Be fair now, how else do you expect the government to spy into our communications.

Whenarewethere · Guru

Tax, Medicare, banking, shares, council rates, superannuation, vehicle registration, yacht registration, tolls & E tags, Australia Post mailing history, public surveillance cameras, E tags under the front edge of wheelie bins.

dorian · Guru

https://www.theshovel.com.au/2022/09/23/optus-change-password-name-date-of-birth-gender-data-breach/

Australia's second largest telco has responded to a massive data breach, advising customers to update their password, move house, change names and take on a new identity.

"We're hopeful that this cyber attack won't amount to anything, but to be on the safe side we do suggest anyone who has been an Optus customer since 2017 change their name, gender, address and birthday," Optus CEO Kelly Bayer Rosmarin said in a video message.

Mike Harding · Guru

I never give companies any more personal information than they absolutely need but I think, in future, when I'm asked for personal info. I'm going to reply; "To name but two of many both the American Department of Defence and Optus failed to stop data being stolen, what computer security strategies do you have in place which they failed to implement?"

PeterInSa · Guru

I now use another DOB unless its a Government Department.

Mike Harding · Guru

PeterInSa wrote:
I now use another DOB unless its a Government Department.

I only ever give any correct details where I absolutely must eg. banks, government etc otherwise every one of my accounts is false. Why the hell do Supercheap Auto or Safeway need to know who I am and where I live in order to include me in their "club" programmes? For DoB I use my ex-wife's which is similar to mine and sticks in memory... although I no longer send her a card :)

Magnarc · Guru

I'll second that Mike. I have three web addresses and aliases, and I use the Tor network (optional donations) all the time when surfing. There are far too many intrusions into our privacy these days and it is not always possible to avoid them. As a matter of interest,can any of our learned contributors tell me why a telco would need passport details?????

Have a nice day folks.

Tony Bev · Guru

dorian wrote:
https://www.theshovel.com.au/2022/09/23/optus-change-password-name-date-of-birth-gender-data-breach/

Australia's second largest telco has responded to a massive data breach, advising customers to update their password, move house, change names and take on a new identity.
"We're hopeful that this cyber attack won't amount to anything, but to be on the safe side we do suggest anyone who has been an Optus customer since 2017 change their name, gender, address and birthday," Optus CEO Kelly Bayer Rosmarin said in a video message.

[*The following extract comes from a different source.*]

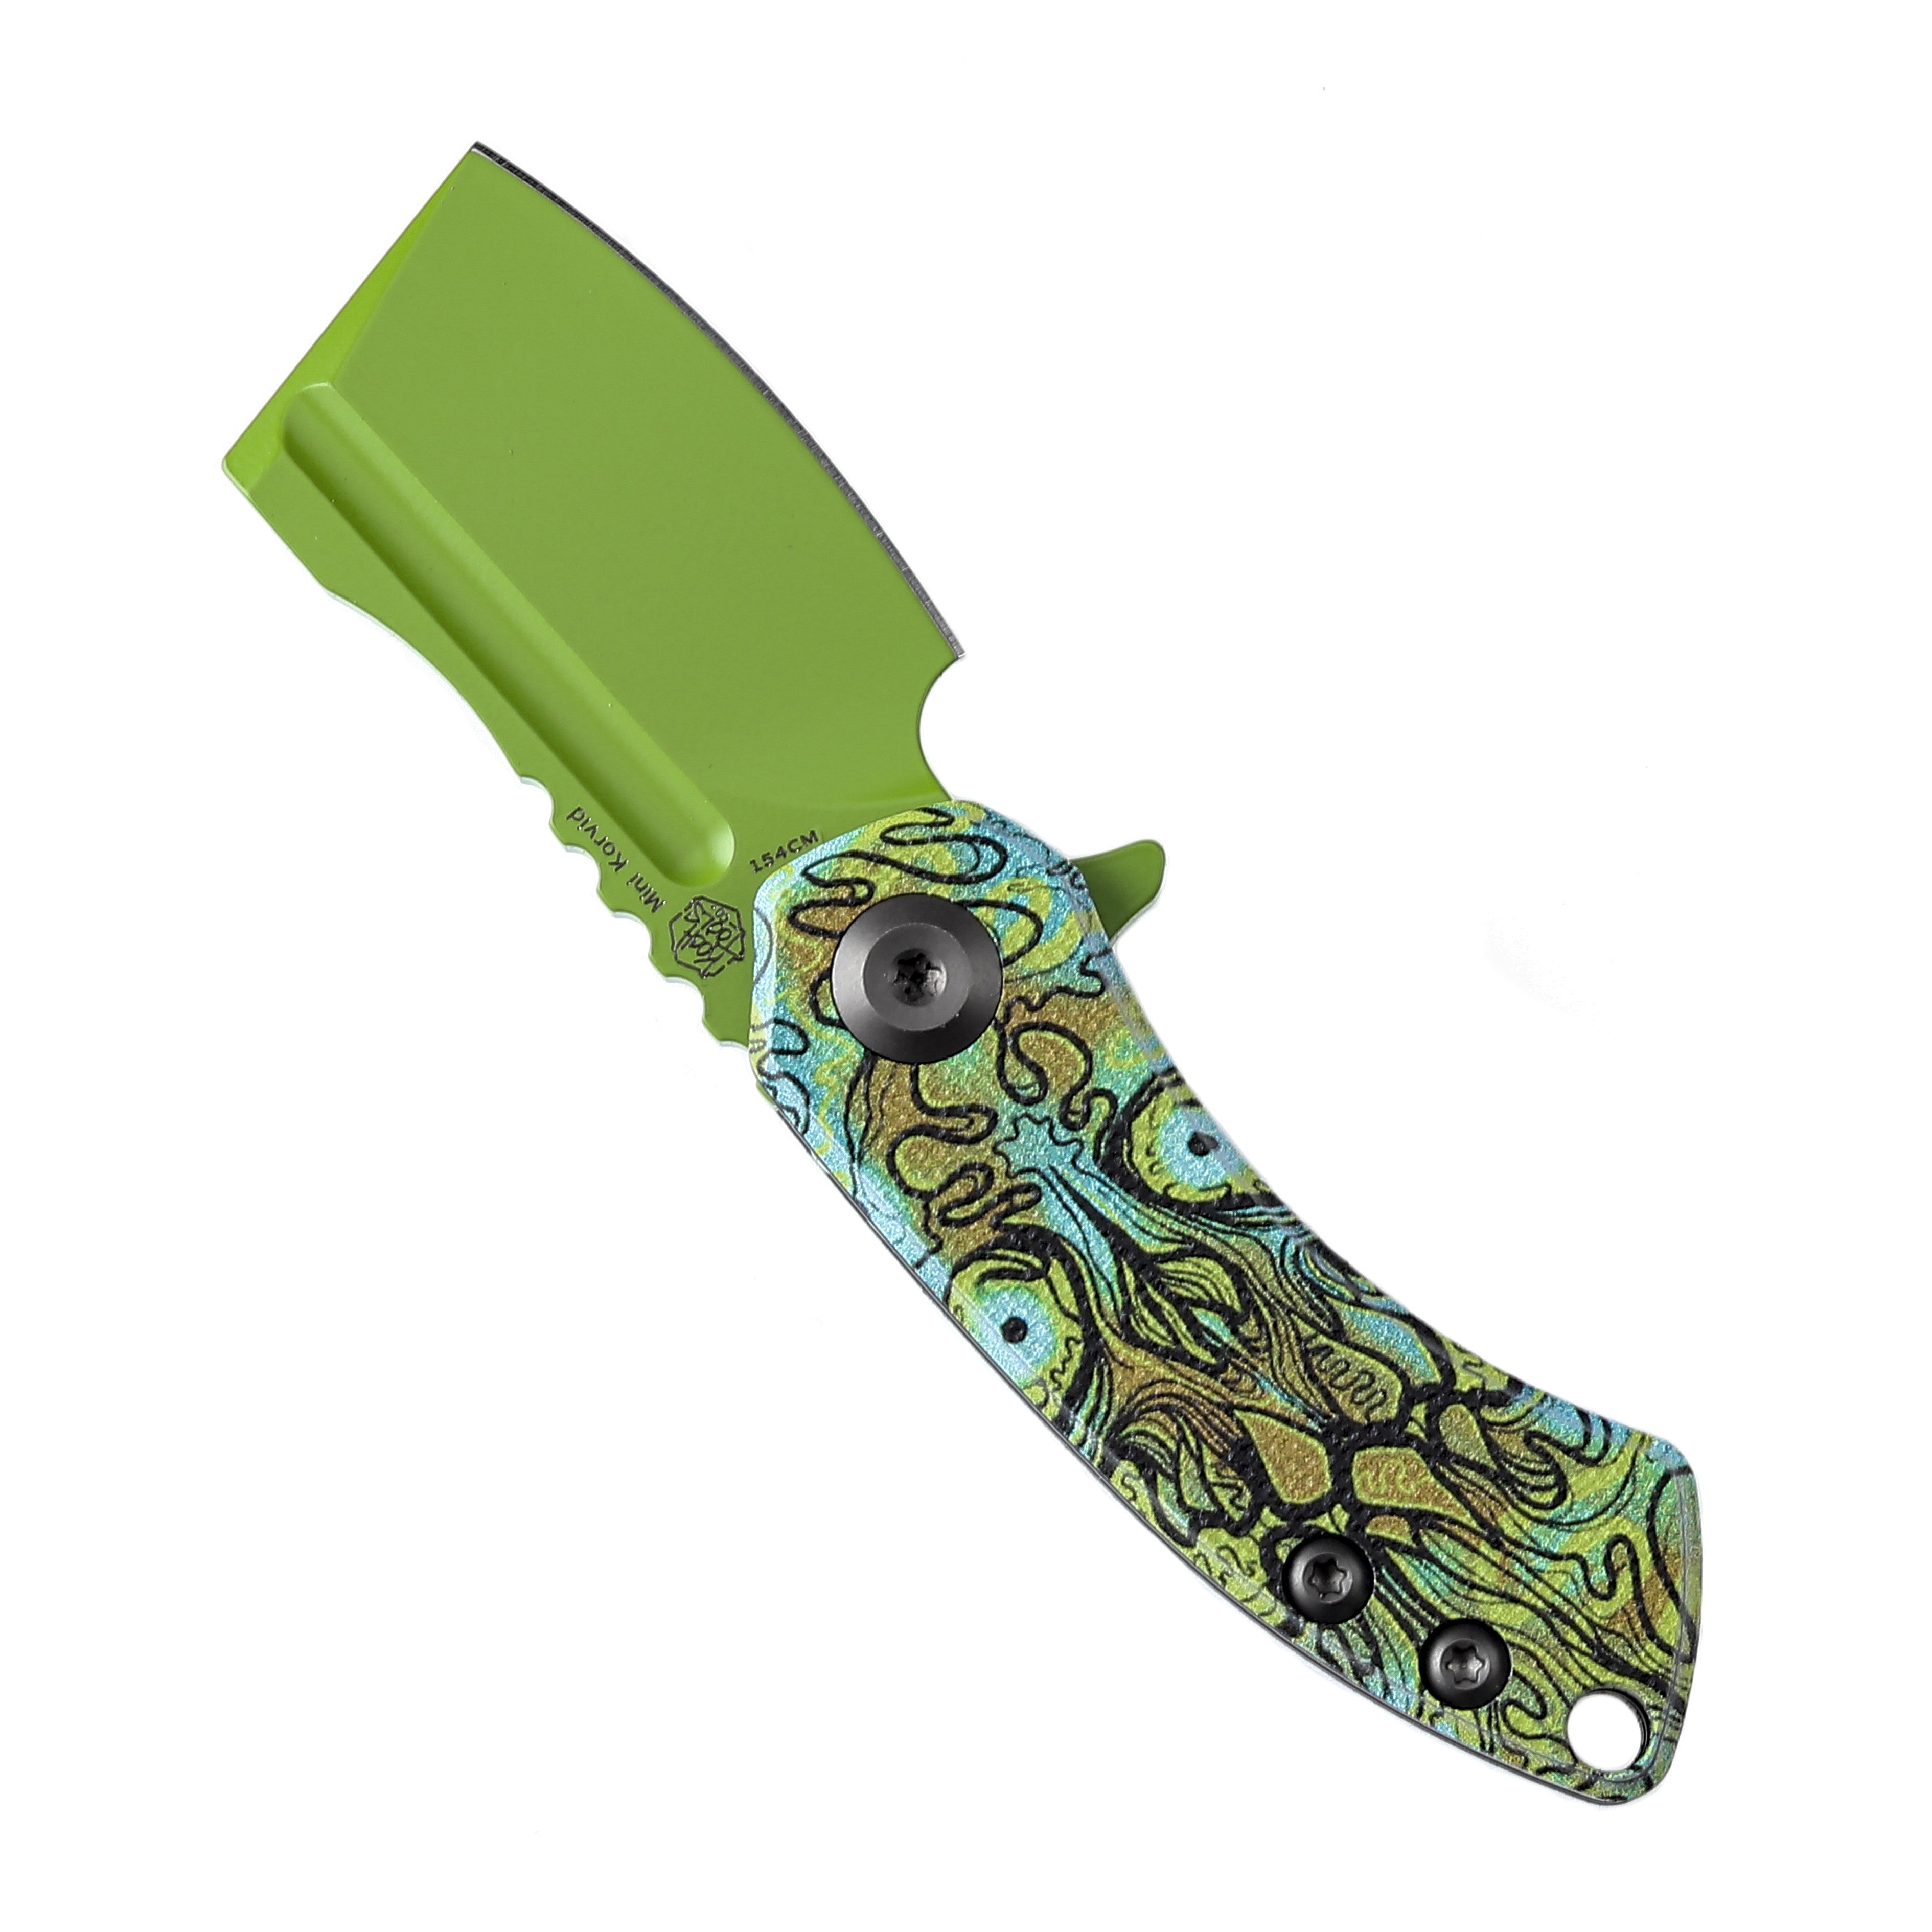 Kansept Knives T3030B2 Mini Korvid Green 154CM Blade Undead Print-Green G10 Handle Liner Lock Edc Knives

Do we have a real link for this, Dorian

biggrin biggrin biggrin I am thinking of changing my date of birth to 29 February 1948 biggrin biggrin biggrin

Are We Lost · Guru

This site has a field for entry of Date of Birth. I note that some members appear to have their valid name and valid DOB visible for all. No members on this thread have both those details, but a quick look at a couple of other threads show that many do. Even if your name is not valid, a hacker could match your email address with information they already have.

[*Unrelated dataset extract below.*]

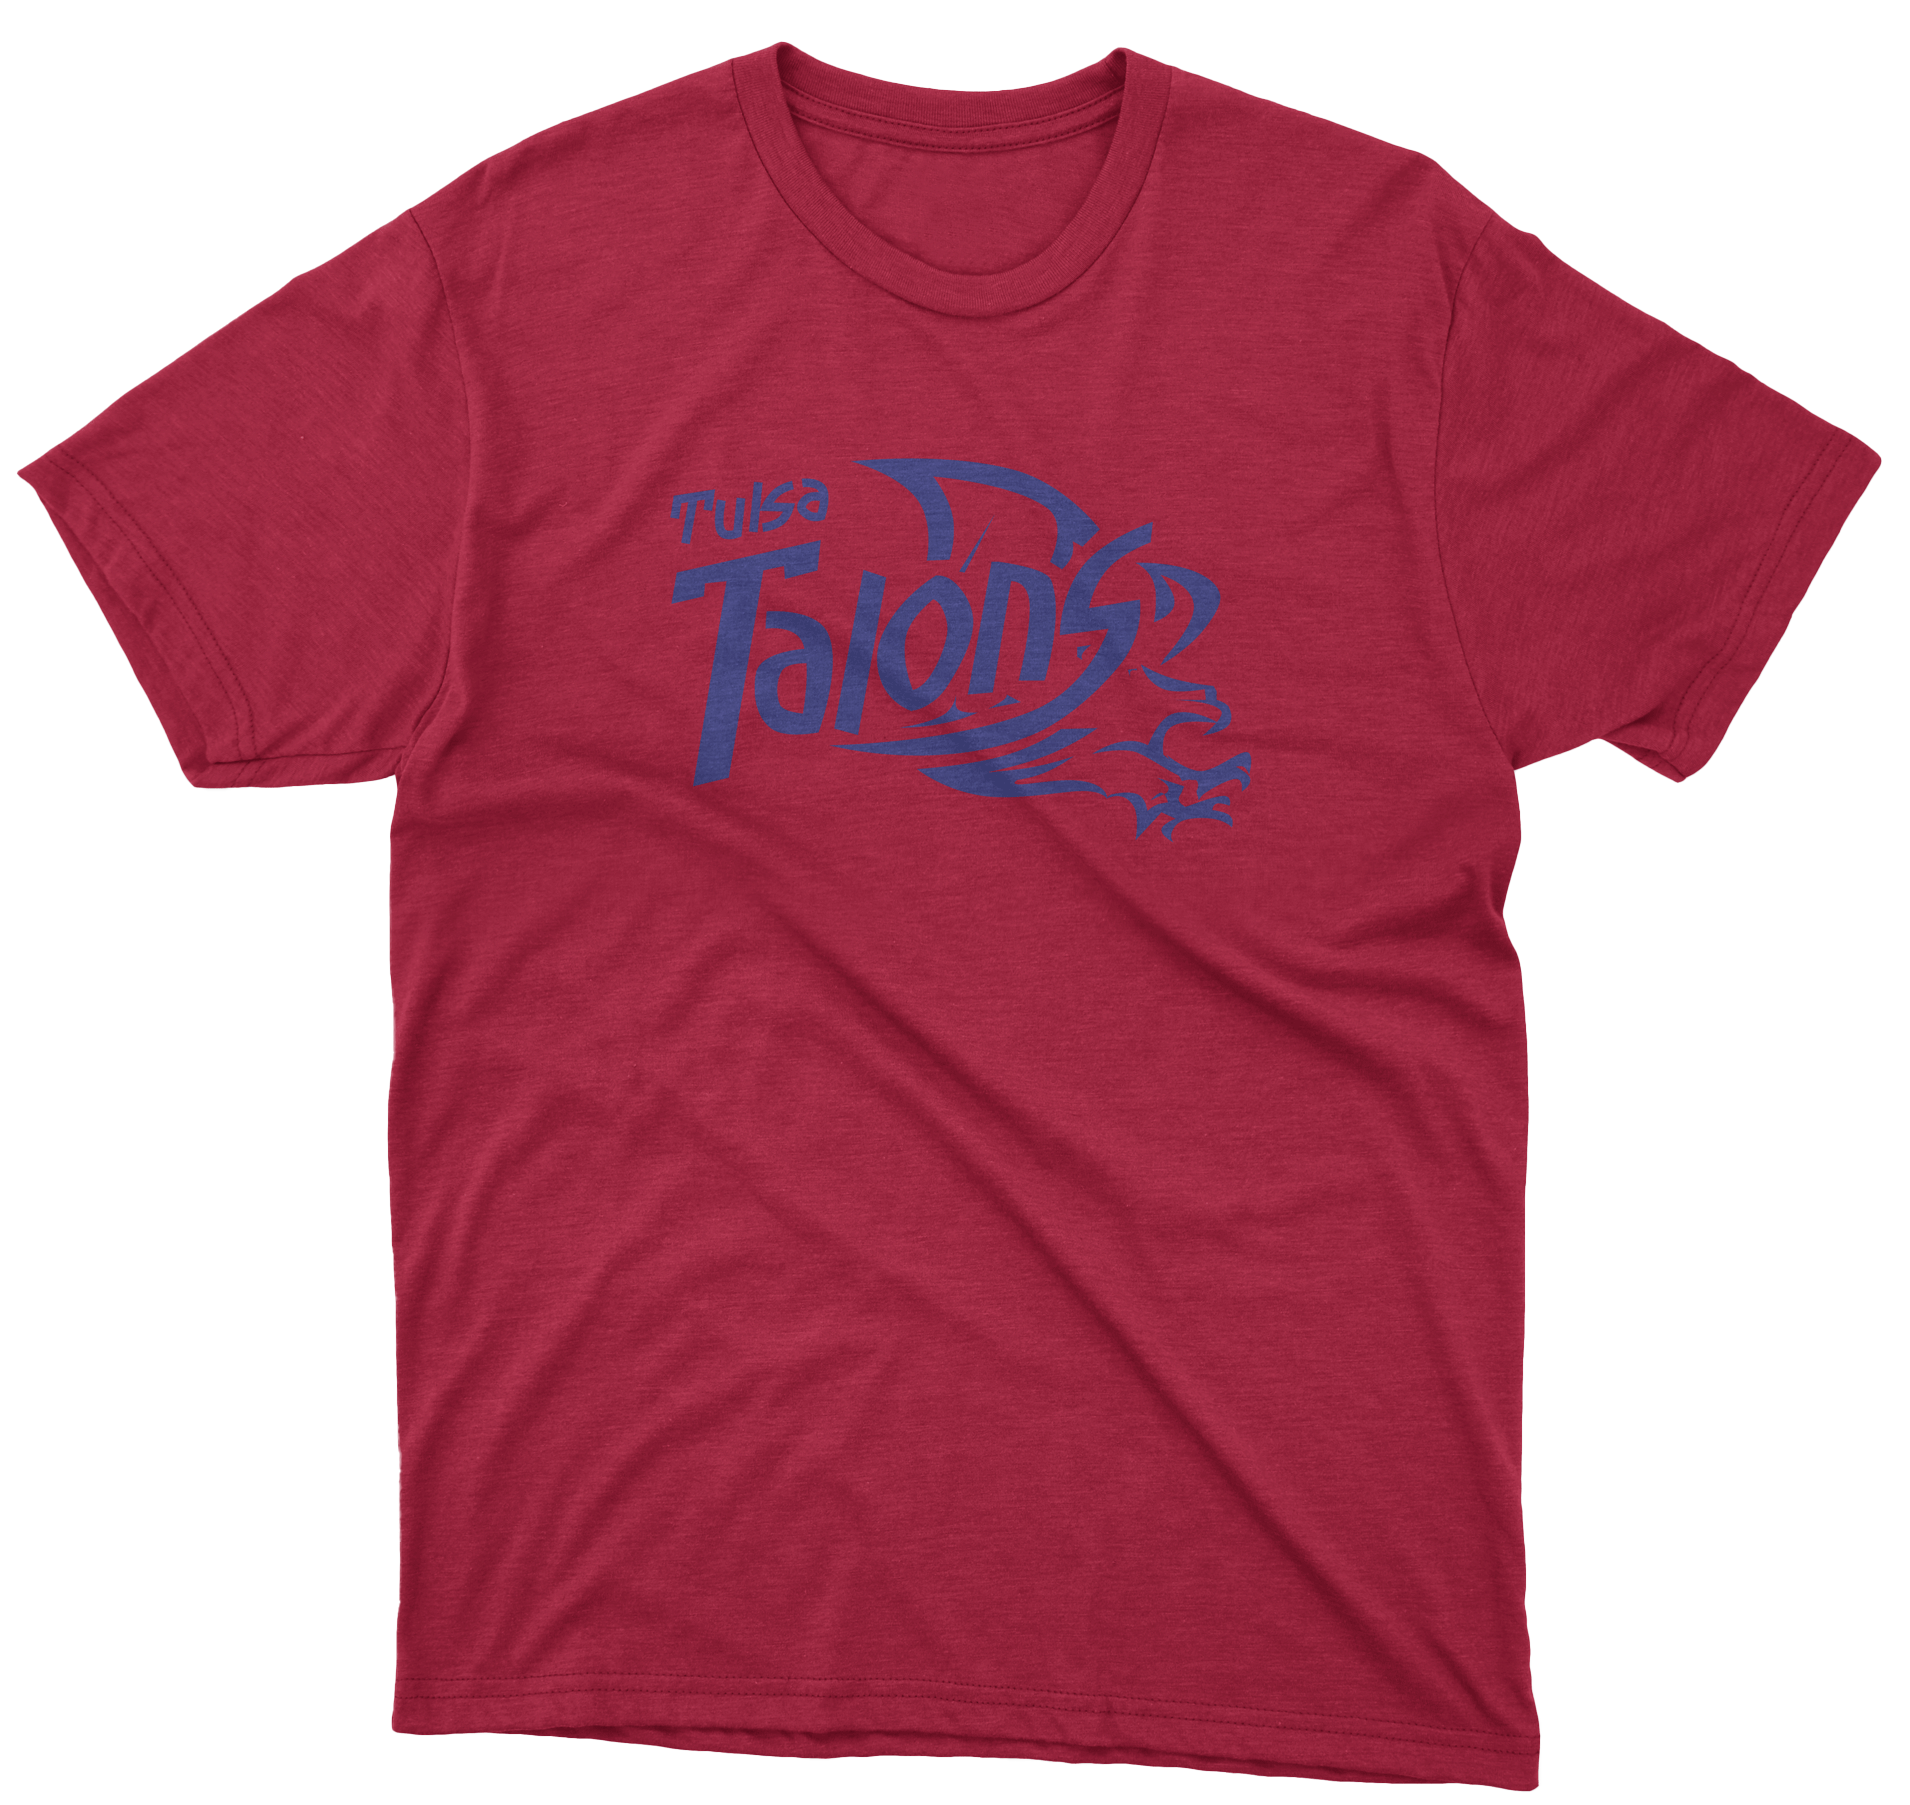 Tulsa Talons T-shirt red

I have previously sent a message to the Webmaster on this subject and she said she would pursue a solution. Now I see some members do not have that field displayed at all. I could not find a setting to show/hide it, but visibility means little online if the site is hacked.

Mike Harding · Guru

The site doesn't need to be hacked, just join as a member and legitimately view profiles.

Talking of hacking; how secure is the administrators password Cindy? Not very is my suspicion :)

I use a low level password for this and similar sites which will take 9 hours to crack but for banking and such I use a much more secure password which will take 200 years to crack:

Password strength test

Craig1 · Guru

oh dear 1.8 seconds for me for this site

Are We Lost · Guru

Thanks for the link Mike. Quite useful and also the description of why the rating. Mine is supposedly 5 days.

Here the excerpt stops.